● **PROVIDED ENTRIES**:
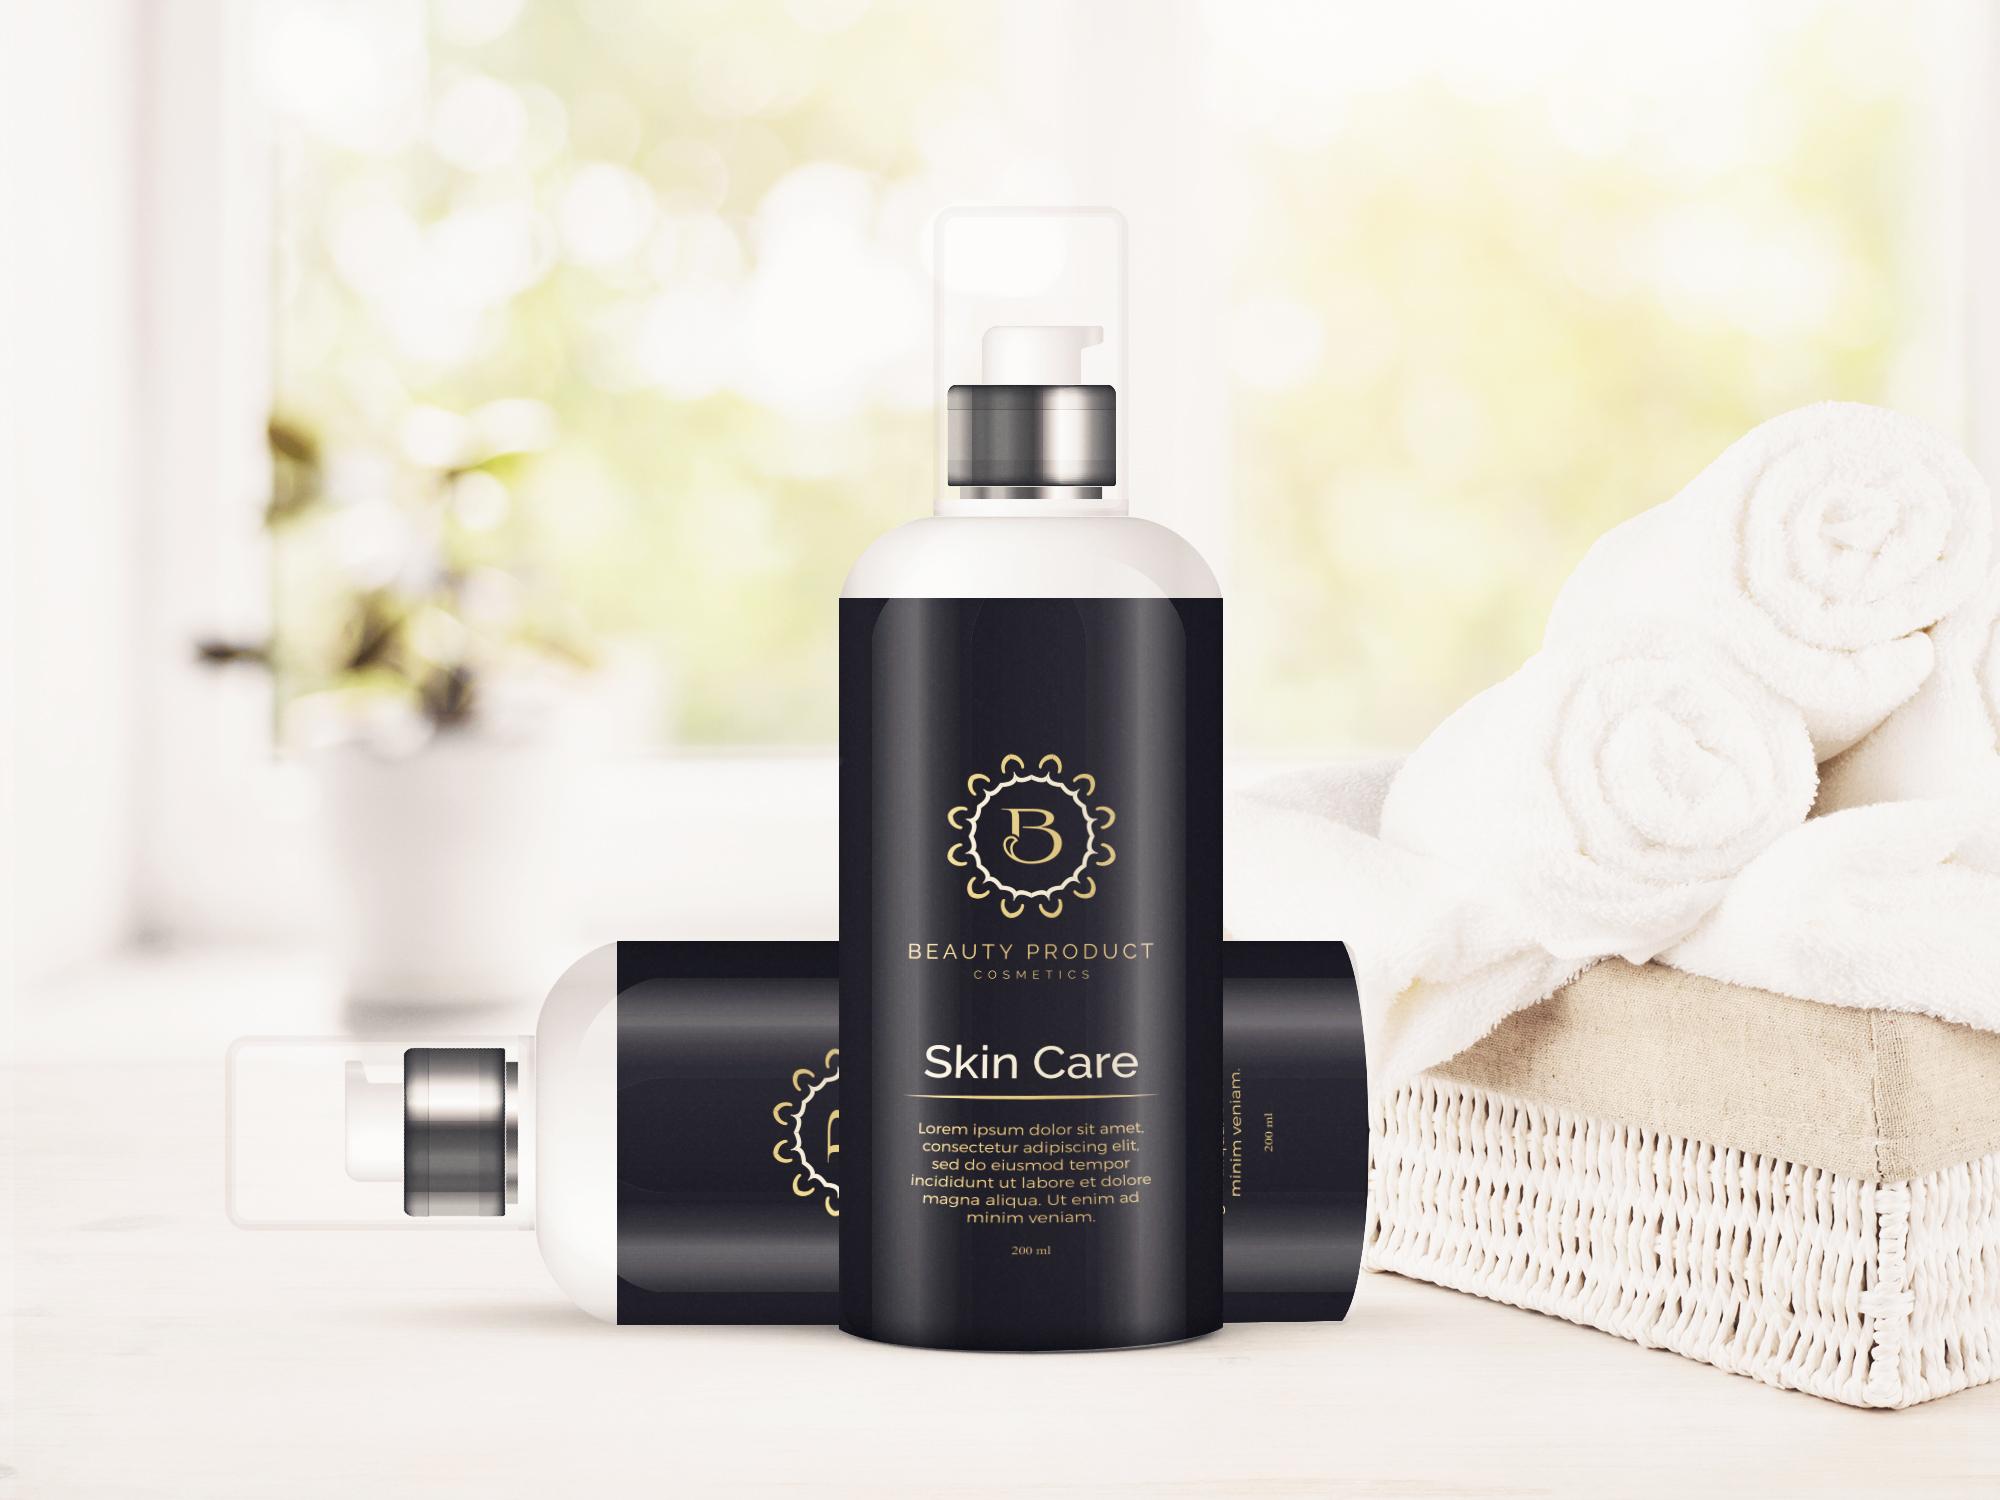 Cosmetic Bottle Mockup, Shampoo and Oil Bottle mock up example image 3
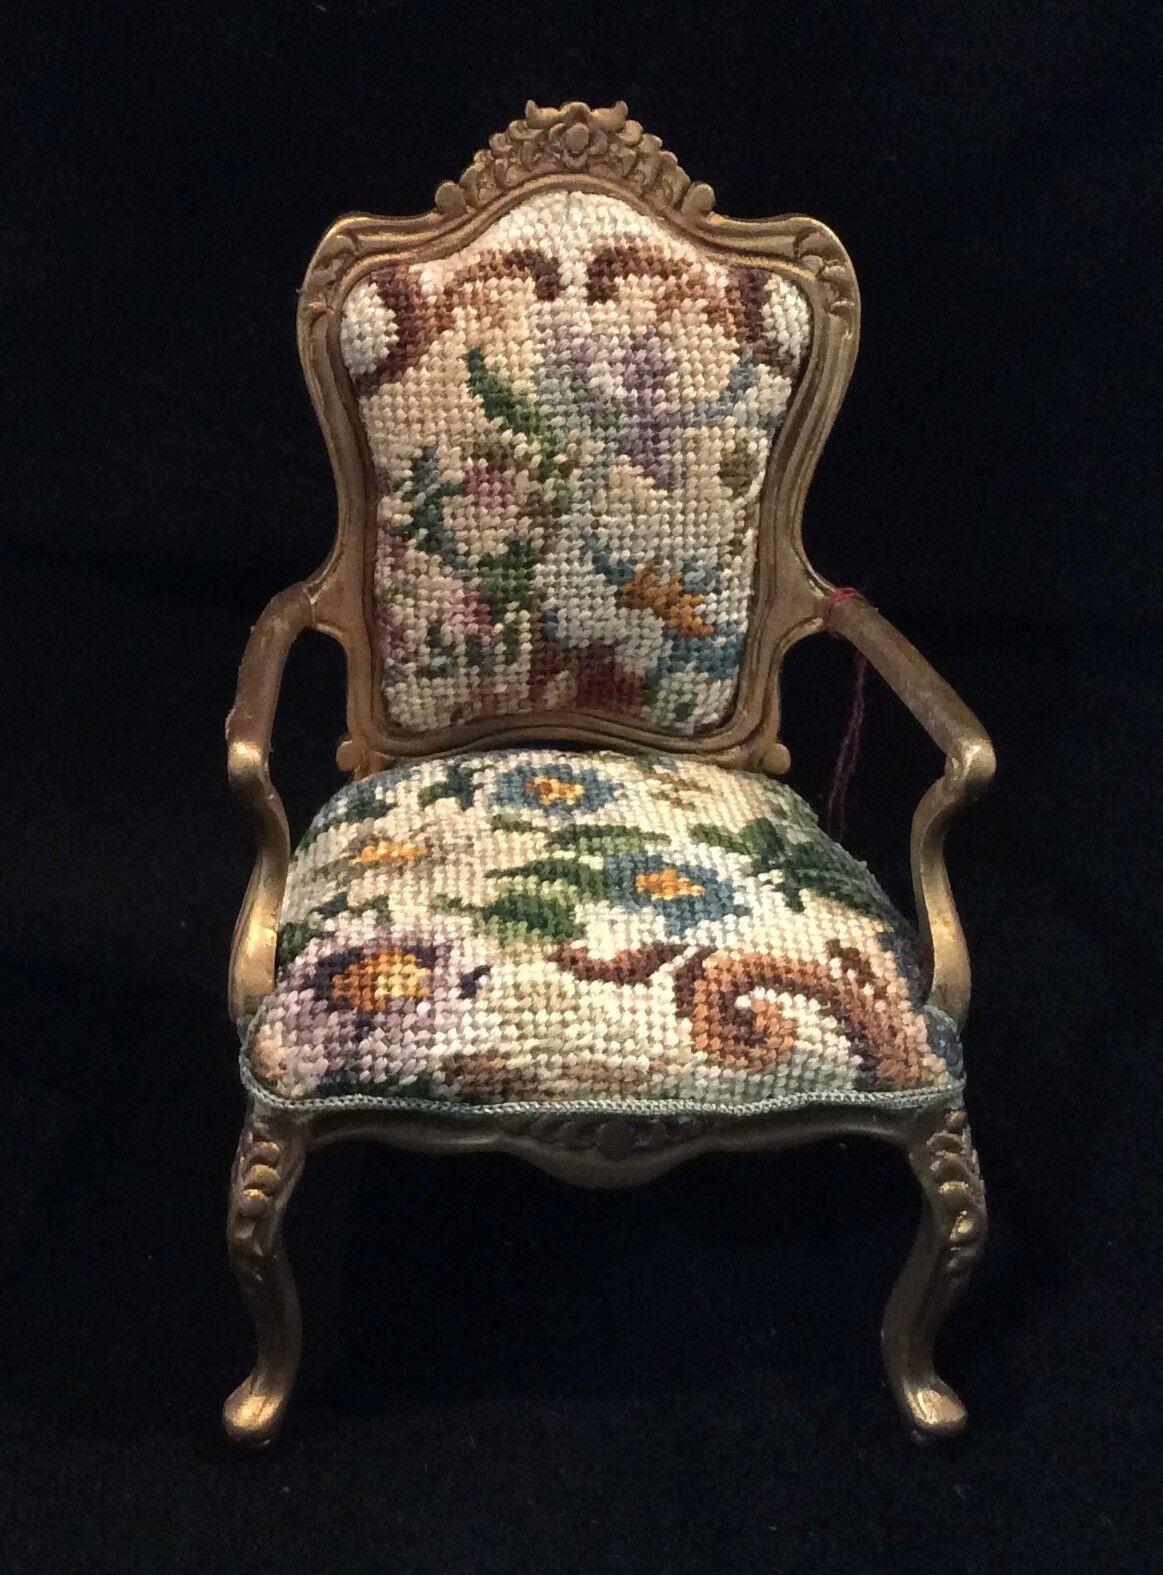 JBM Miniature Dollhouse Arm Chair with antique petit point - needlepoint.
* * *
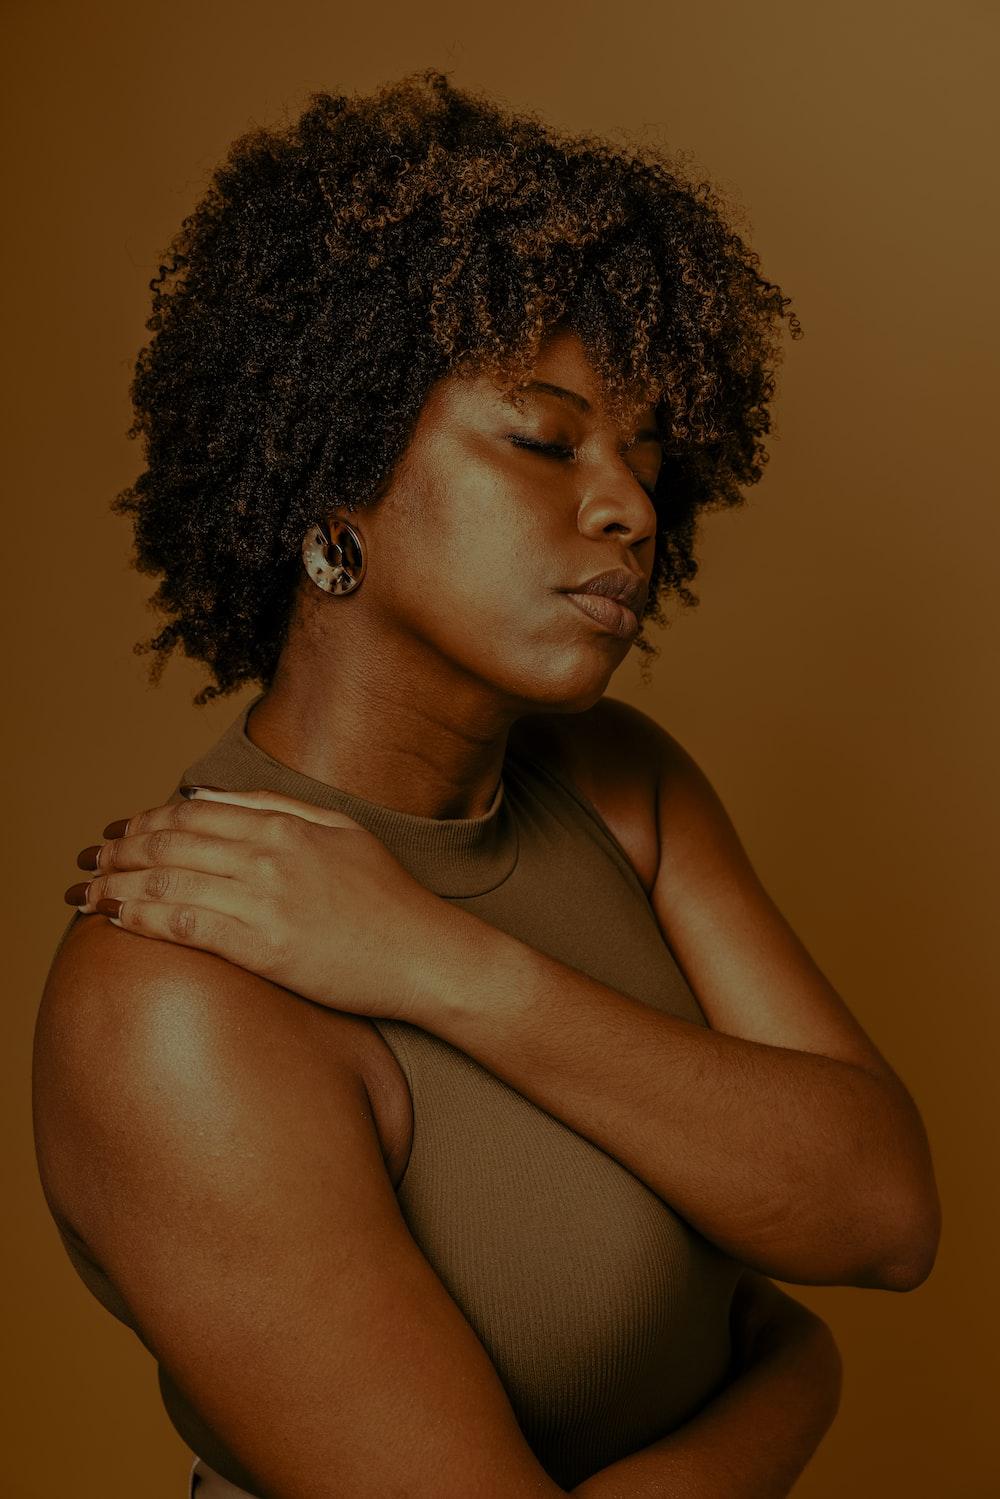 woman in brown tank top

● **AIM OF THE TASK**: Please print the lines above word for word, starting at the one with "Cosmetic Bottle Mockup, Shampoo" and ending at the one with "JBM Miniature Dollhouse", both included, and without any picture.

● **ANSWER SPACE**:
 Cosmetic Bottle Mockup, Shampoo and Oil Bottle mock up example image 3
 JBM Miniature Dollhouse Arm Chair with antique petit point - needlepoint.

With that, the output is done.